Покупка билетов стала для Кареллы потрясением.
Он давно не бывал на популярном спектакле и не знал, какие сейчас цены. Когда кассирша протянула ему маленький белый конверт и Карелла увидел торчащие из него корешки желтых билетов, он подумал, что, наверное, ошибся: вряд ли эти цифры — цена. Но затем последовало устное подтверждение:
— Восемьдесят долларов, пожалуйста.
Карелла заморгал. Восемьдесят разделить на два — сорок баксов за билет!
— Карточка или наличные? — спросила кассирша.
Карелла не носил с собой кредитную карту; он не знал полицейских, которые носили бы с собой кредитки. На мгновение он запаниковал. Найдется ли в его в бумажнике восемьдесят долларов? Как выяснилось, у него было девяносто два, и это означало, что придется звонить домой и просить Тедди захватить из дома наличные.
«Этому спектаклю лучше бы оказаться достойным своей цены», — думал он, направляясь к телефону в холле. Фанни, экономка Кареллы, ответила после четвертого гудка.
— Квартира семьи Карелла.
— Фанни, привет, это я. Можешь передать Тедди сообщение? Во-первых, скажи ей, что я купил билеты на мюзикл под названием «Шпик» и предлагаю поужинать перед спектаклем. Передай, что я буду ждать ее в шесть тридцать в ресторане «О’Мэлли». Она знает, мы там бывали. И еще скажи ей, чтобы принесла с собой наличные. У меня деньги на исходе.
— Это три сообщения, — сообщила Фанни. — Сколько наличных?
— Достаточно, чтобы оплатить обед.
— Я собиралась делать свиные отбивные, — сказала Фанни.
— Прости. Неожиданные обстоятельства.
— М-м, — протянула Фанни.
Фанни Ноулз было «немного за пятьдесят», как она говорила со своим еле уловимым ирландским акцентом. У нее были голубые волосы, она носила пенсне, весила около семидесяти килограммов и правила хозяйством Кареллы железной рукой — с того дня, как десять лет назад прибыла сюда в качестве временного дара от отца Тедди. Фанни была медсестрой, и изначально они договаривались, что она останется у них только на месяц, чтобы помочь Тедди справиться с новорожденными близнецами.

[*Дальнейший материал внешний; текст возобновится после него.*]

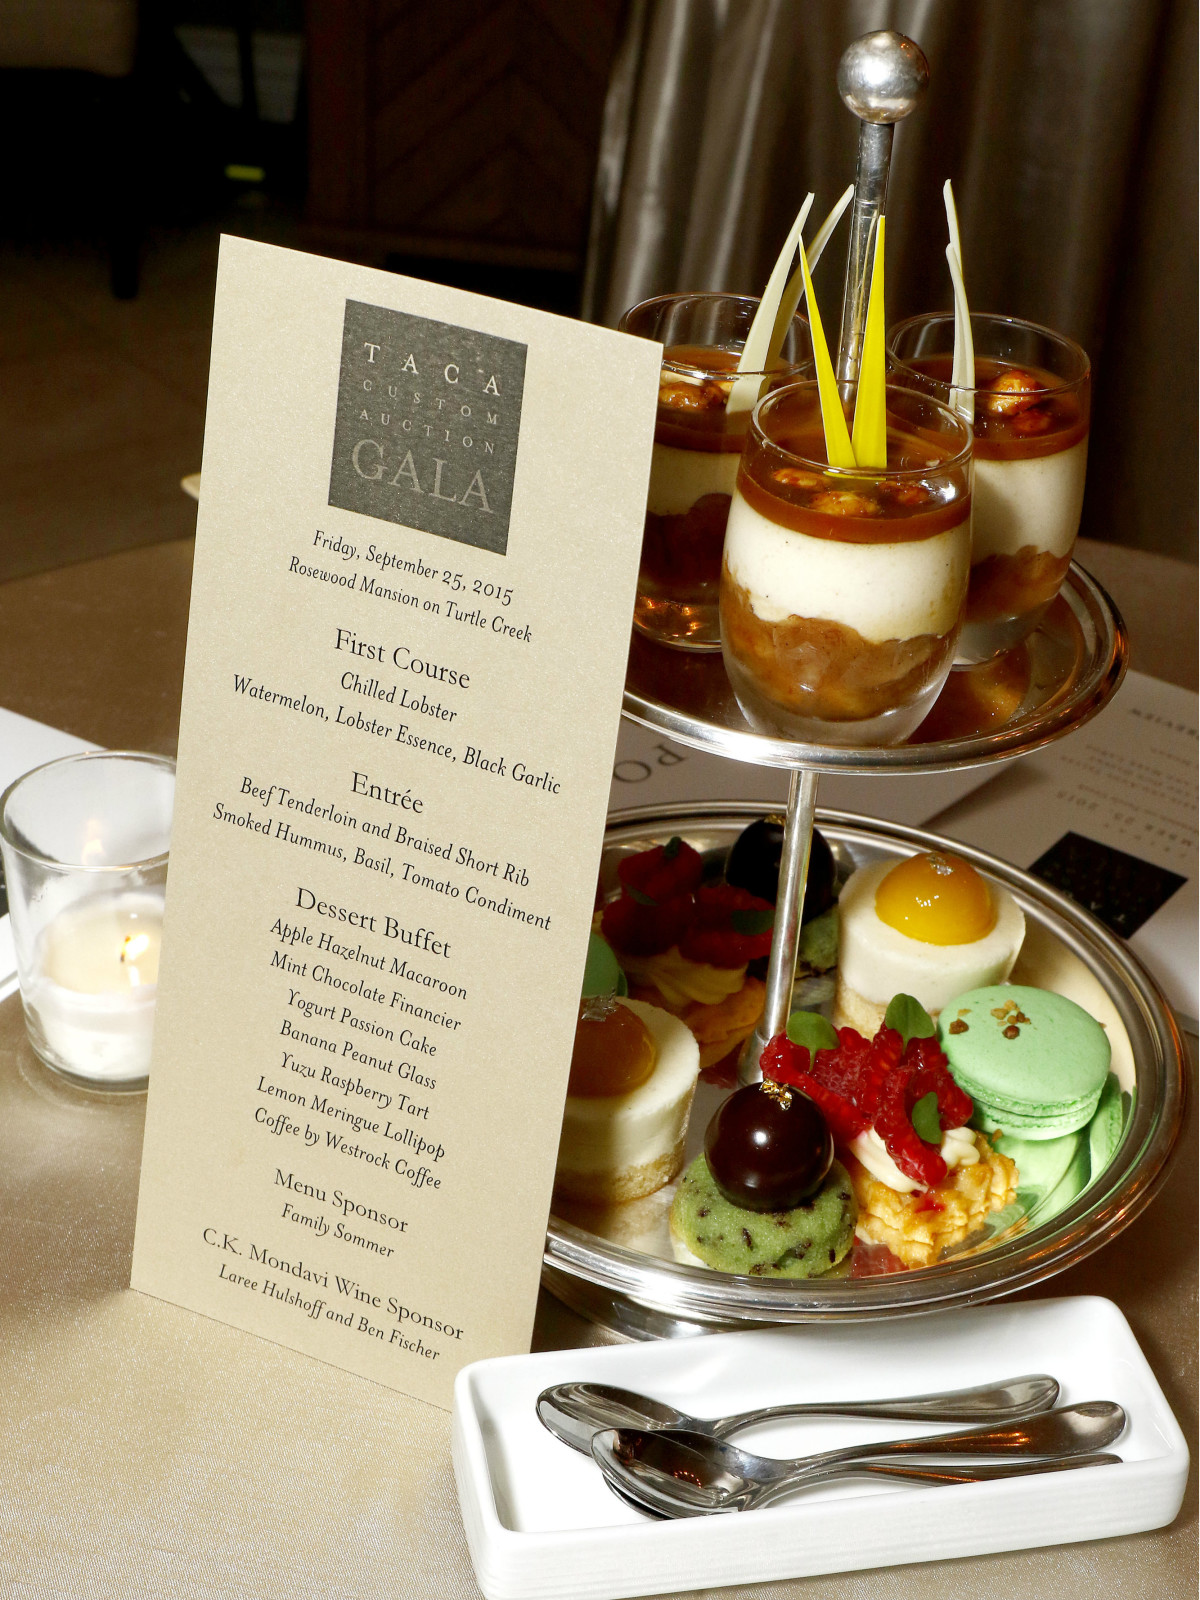 Menu and Assorted Desserts

Фанни сама предложила остаться у них в качестве домработницы, на зарплату, какую они могли себе позволить, пояснив, что не желает больше совать градусники в помирающих стариков. Так она и жила с ними до сих пор.

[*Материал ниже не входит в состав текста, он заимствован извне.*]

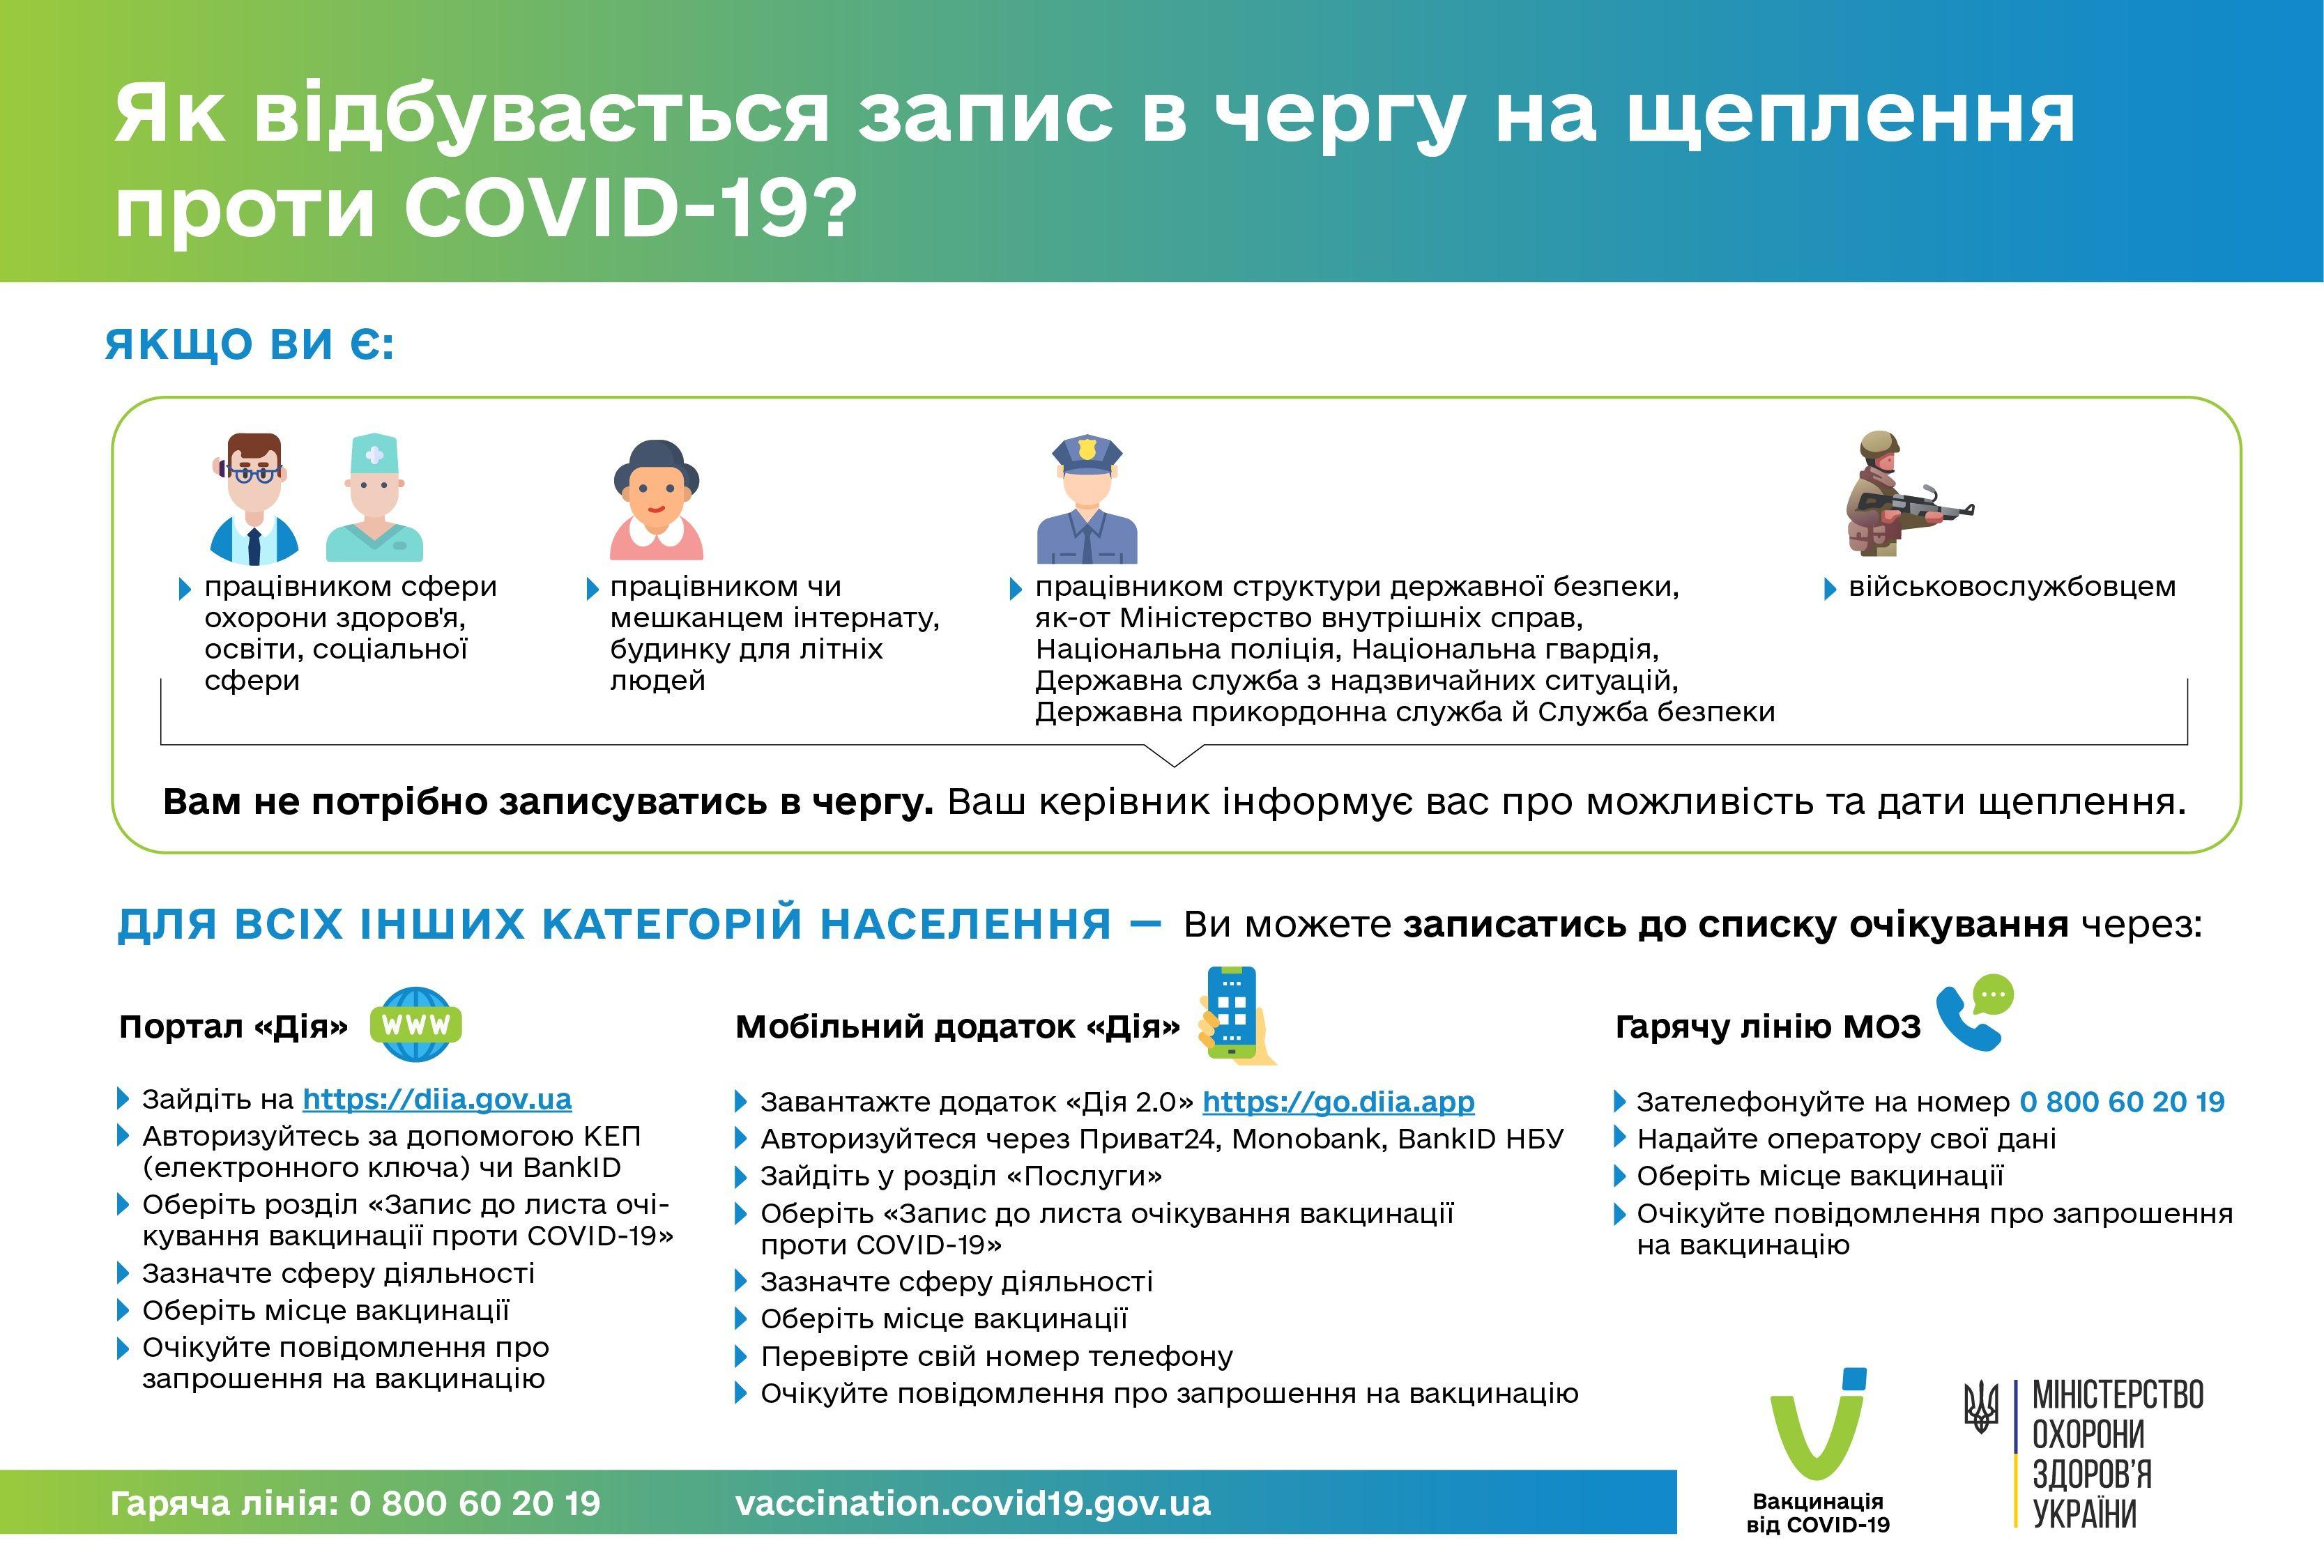 інструкція запису на вакцинацію

Ее молчание в трубке было зловещим.
— Фанни, мне правда жаль, — сказал Карелла. — Но так нужно по работе.
— И что мне делать с десятком свиных отбивных? — вопросила она.

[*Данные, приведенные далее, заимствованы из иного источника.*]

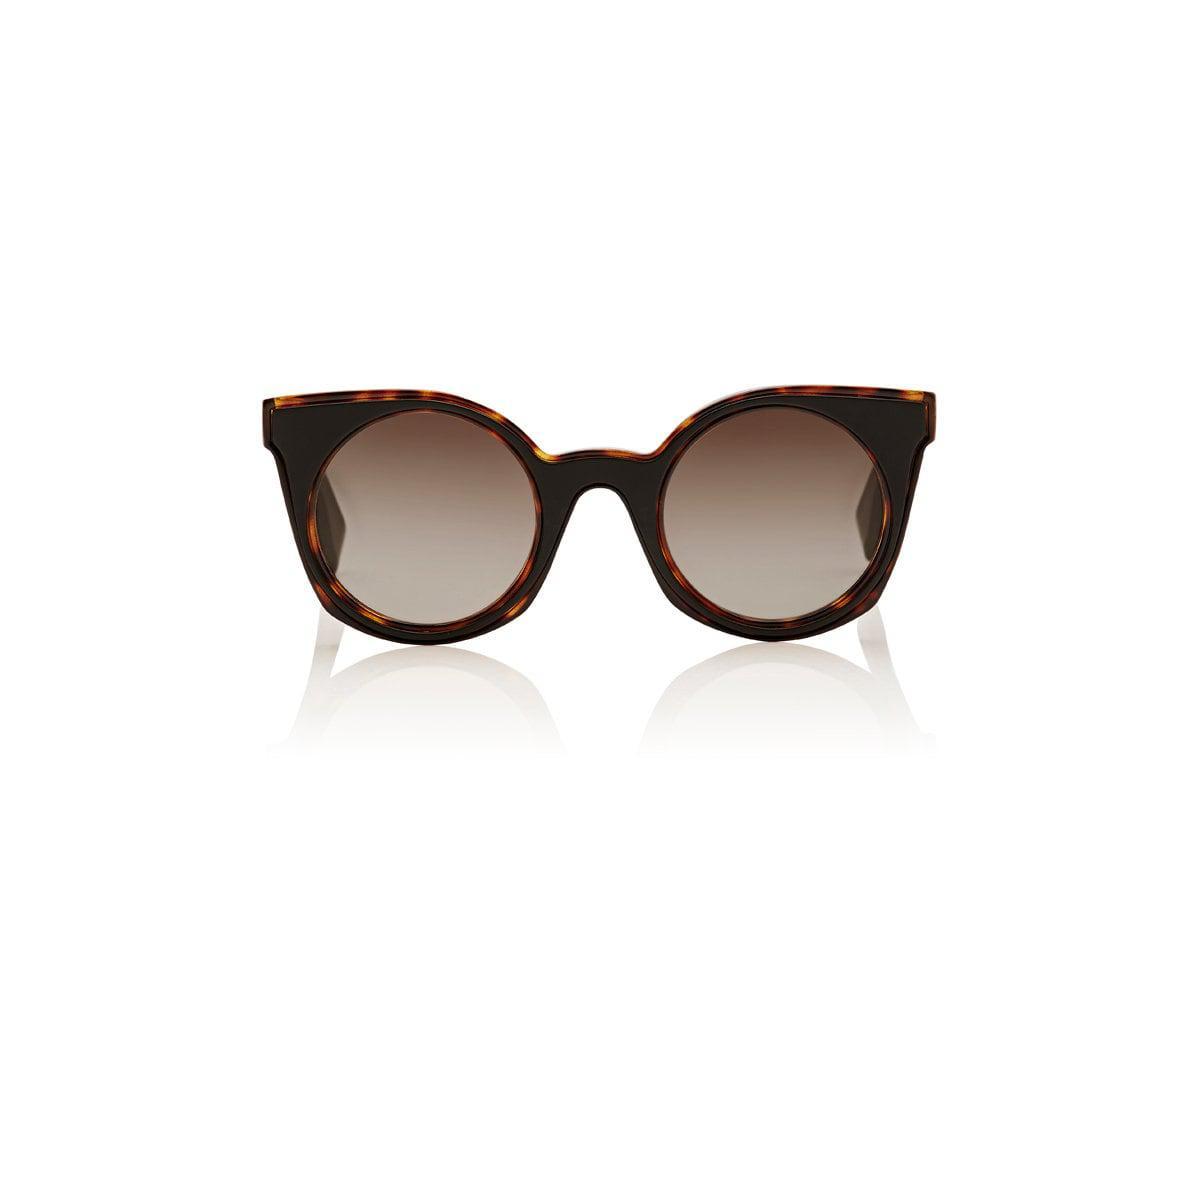 7c3e1824e336 Gallery. Previously sold at  Barneys New York · Women s Gradient Sunglasses  ...

— Приготовь касуле, — предложил он.
— Это еще что за хрень? — спросила Фанни.
— Поищи в кулинарной книге. Так передашь мое сообщение?
— Когда вернется. Должна скоро прийти. Ей придется бегом бежать, чтобы успеть к шести тридцати.
— Ну, передай, ладно?
— Передам, — сказала Фанни и повесила трубку.
Он положил трубку на рычаг, вышел из театра, нашел проулок, ведущий к служебному входу, подошел к двери и постучал.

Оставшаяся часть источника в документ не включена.